Although, the County's valuation experts did not rely on the capitalization of income method of valuation to appraise Creason's property, the County does not take issue with the use of the capitalization of income method of valuation as a valid method of property valuation in this condemnation case. The County contends, however, that the trial judge properly applied the "unit rule" in excluding Creason's evidence regarding his natural gas well. The County argues that the legislature's failure to amend the "unit rule" articulated in K.S.A. 26-513(d) when the legislature added subsection (e) of that statute specifically authorizing the use of the capitalization of income and the depreciated replacement cost methods of property valuation is a clear indication that the legislature intended the "unit rule" to pertain to all three valuation methods. We note that the "unit rule" was not the basis of the trial judge's decision to exclude the commercial valuation of the gas well from the jury's consideration.

The 1999 Kansas Legislature did not amend subsection (d) of K.S.A. 26-513, which includes the "unit rule." Subsection (d) provides:

"Factors to be considered. In ascertaining the amount of compensation and damages, the following nonexclusive list of factors shall be considered if such factors are shown to exist. Such factors are not to be considered as separate items of damages, but are to be considered only as they affect the total compensation and damage under the provisions of subsections (b) and (c) of this section. Such factors are:

"(1) The most advantageous use to which the property is reasonably adaptable." (Emphasis added.)
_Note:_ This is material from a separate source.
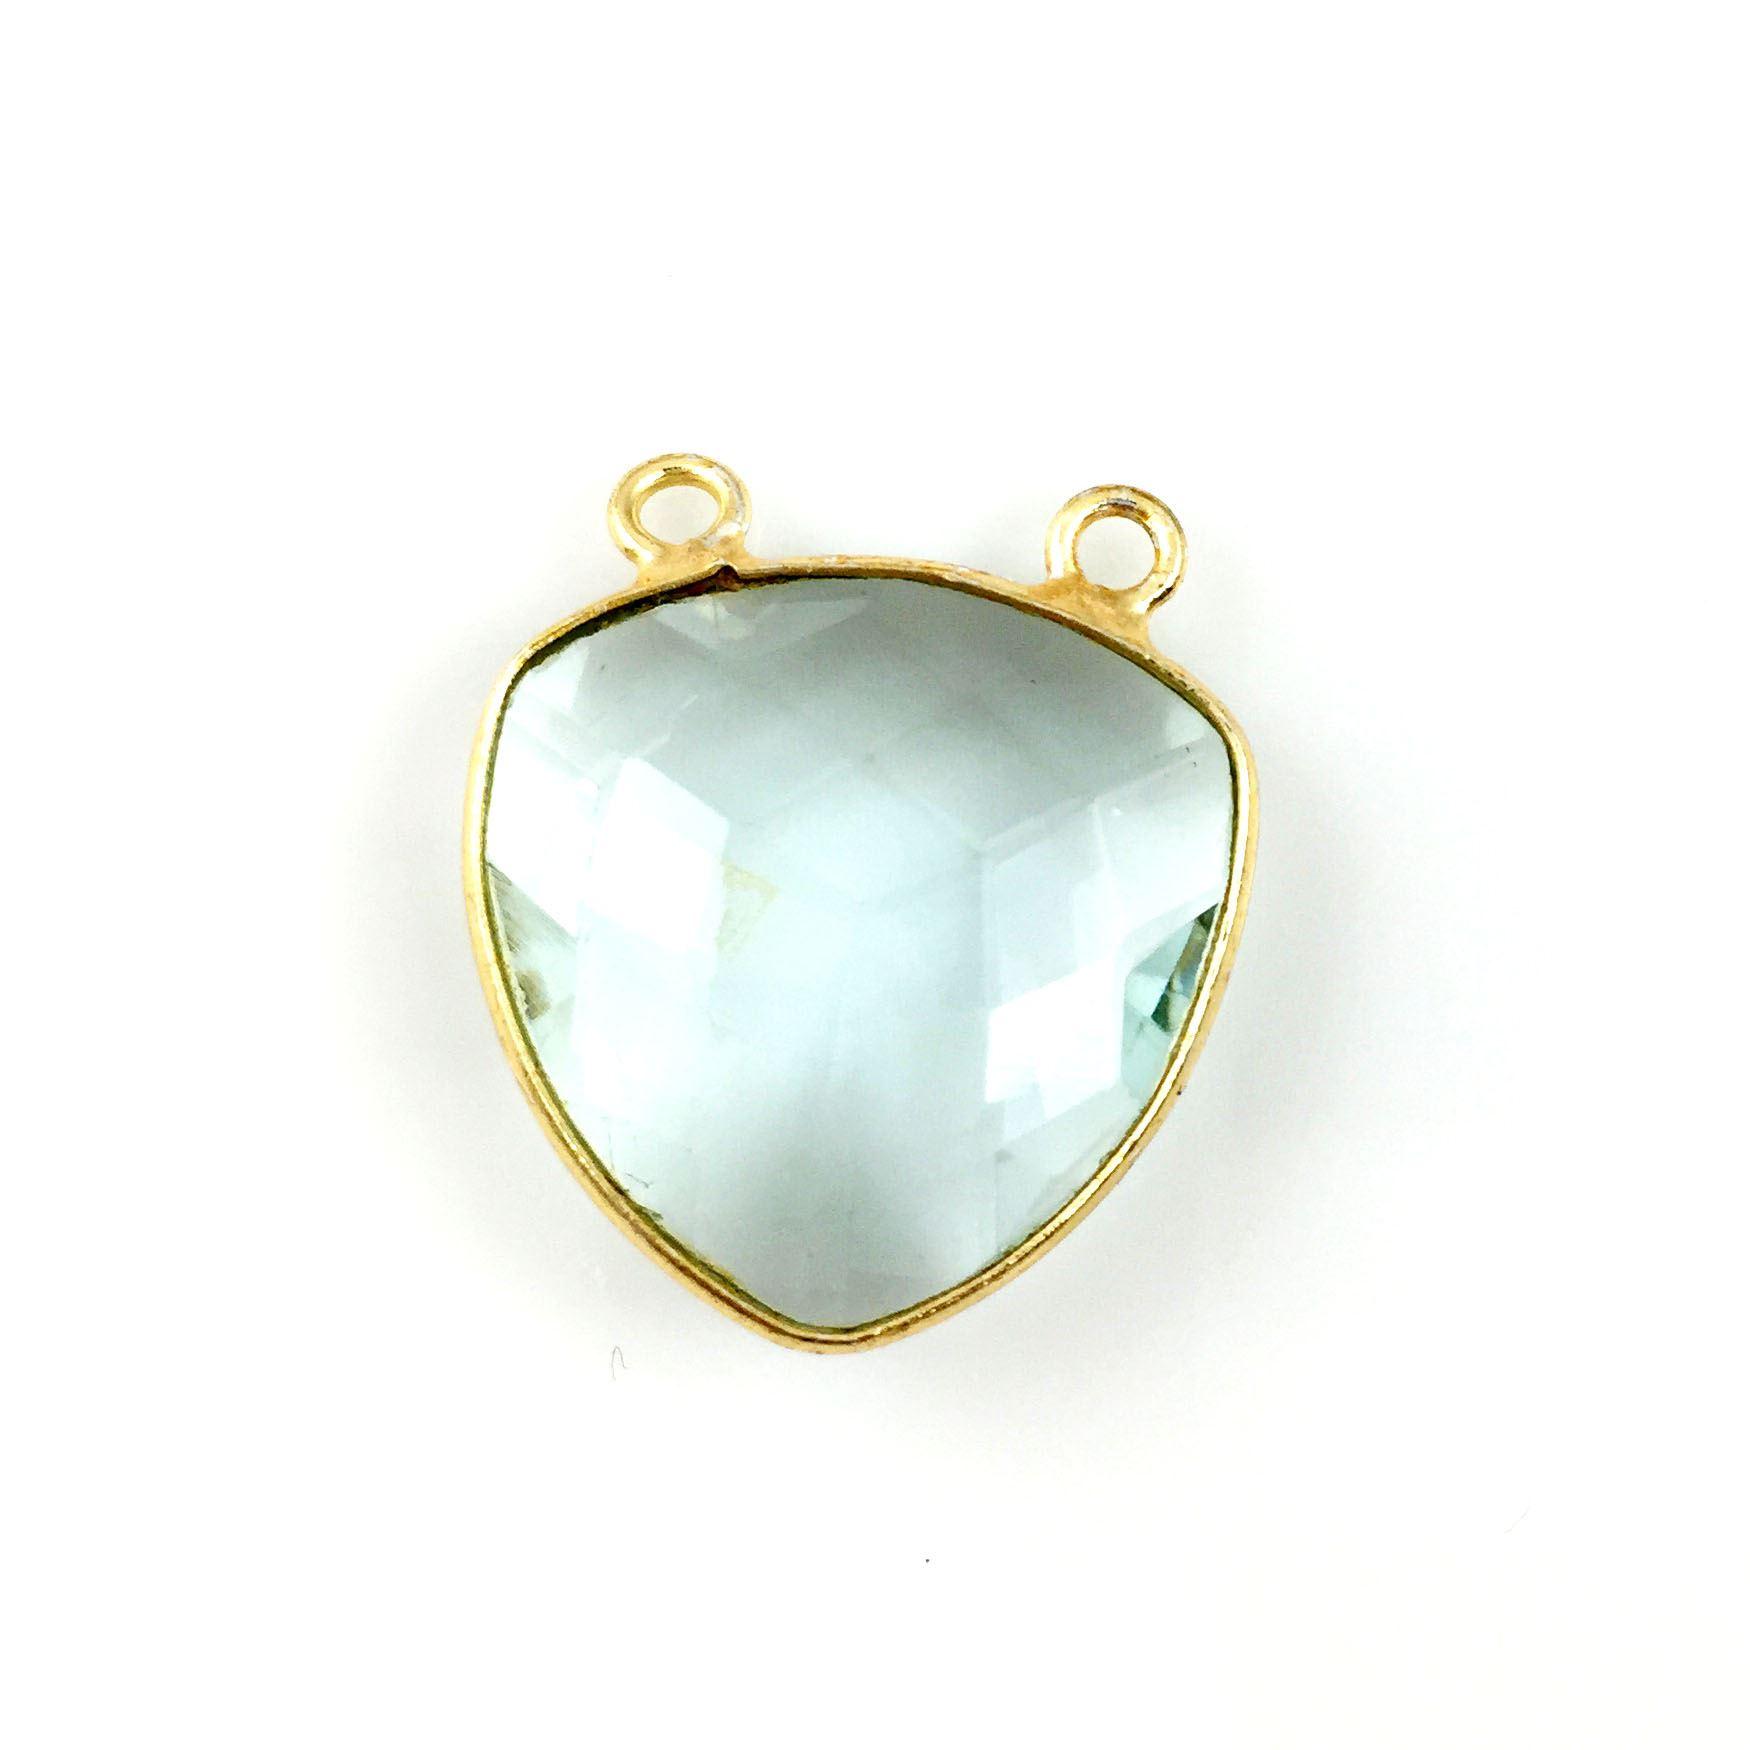 Bezel Gemstone Connector Pendant - Aqua Quartz - Gold plated Sterling Silver - Large Trillion Shaped Faceted - 18 mm - 1 piece

In addition to the first factor set out, the statute enumerates 14 other factors which are not applicable to the facts of this case.

As noted, the depreciated replacement cost and the capitalization of income methods of valuation were used in Kansas to value unique properties long before the 1999 amendment to K.S.A. 26-513. The 1999 amendment placed those methods of valuation on an equal footing with the comparable sales approach, thereby permitting the use of the depreciated replacement cost and the capitalization of income methods where those methods provide information pertaining to the value of the property. "The value of property for a special use to which it is adapted or put may be shown by persons familiar with such use, even though they are not familiar with land values generally." (Emphasis added.) Eisenring v. Kansas Turnpike Authority, 183 Kan. at 779-80 The reasons for allowing the jury to consider evidence of the income potential of property apart from the property's value as a whole remains as valid after the amendment as it was prior to the amendment: The income value of property often must be provided by experts who have no expertise in property valuation generally.

Although expert testimony evidence may be admitted which relates solely to the future income potential of the property, an aspect of the unit rule nevertheless remains effective to provide that an award of compensation must reflect the value of the property as a whole. There is an important distinction between the measure of value and the evidence admissible to prove it. The award of just compensation cannot assign separate values to component parts of the property. In other words, one value cannot be given to the land, another value to the water rights, an another to the mineral rights. However, to demonstrate how the value of the property as a whole is enhanced by a natural asset, evidence can be introduced of its separate value.

Just compensation for property taken in a condemnation proceeding is the fair market value of the property taken. Fair market value means the amount in terms of money that a well-informed buyer is justified in paying and a well-informed seller is justified in accepting for property in an open and competitive market, assuming that the parties are acting without undue compulsion. K.S.A. 26-513(e). Properly instructed, the jury could have found that the commercial value of the gas well on Creason's property would have an effect on the amount of money that a well-informed buyer would be justified in paying for Creason's property. The trial judge erred by failing to allow the jury to consider the testimony relative to the value of the gas well.

Reversed and remanded for a new trial.